3 Priest Abuse Victims Relate Stories to Group
By Daniel Tepfer
April 6, 2003
With many wiping tears from their eyes, more than 150 people sat transfixed Saturday as three survivors of abuse by Catholic priests recounted their stories.
There was a long stretch of silence after the three had finished.
"There are at least 21 priests in the diocese who have been accused of abuse," continued Joseph O'Callaghan, chairman of the local branch of Voice of the Faithful. "If the church is going to recover we need to know what was the complicity of Bishop [Walter] Curtis and Bishop [Edward] Egan and we have to know what other information they are keeping."
The three talks punctuated the conference at Fairfield University on the current sexual abuse crisis in the Roman Catholic Church.
The conference was sponsored by VOTF.
Voice of the Faithful is a national organization of Roman Catholics established in Boston in response to numerous incidents of child sexual abuse by priests.

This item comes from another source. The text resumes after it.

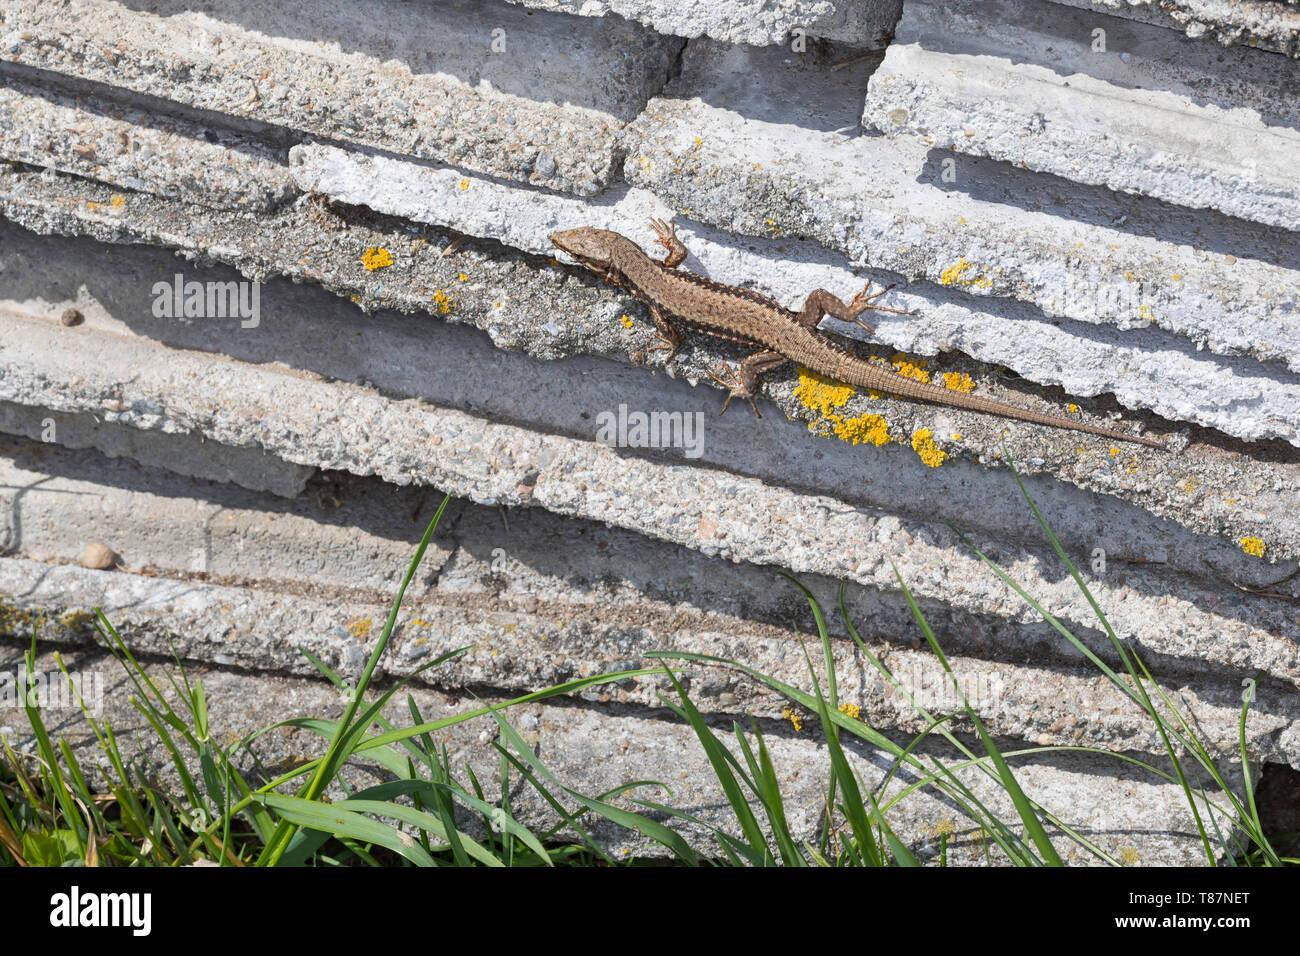 Mauereidechse, Mauer-Eidechse, Podarcis muralis, Lacerta muralis, common wall lizard, wall lizard, European wall lizard, Le Lézard des murailles, Öste - Stock Image

The group's stated goals are to support abuse victims, support priests of integrity and provide a voice in the governance of the church. However, it is not recognized by the Catholic Church.
Peggy Fry, of Monroe, her eyes welling with tears, related to the audience in the Gonzaga Auditorium her abuse by Monsignor Gregory Smith in the early 1960s at St. Theresa's Church in Trumbull when she was a teenager.
"He made a marriage license with our names on it and made me wear a gold band on my finger when we were alone together," she recounted.
She then recounted her more than 30-year battle to get justice.
Thrown out of church, thrown out of church events when she tried to complain about what Smith did to her, it wasn't until last April that Bishop William Lori told her Smith had finally admitted what he had done to her and was being suspended.
"I owe a great deal of gratitude to Voice of the Faithful and all of you here because you care and I can not thank you enough," she said.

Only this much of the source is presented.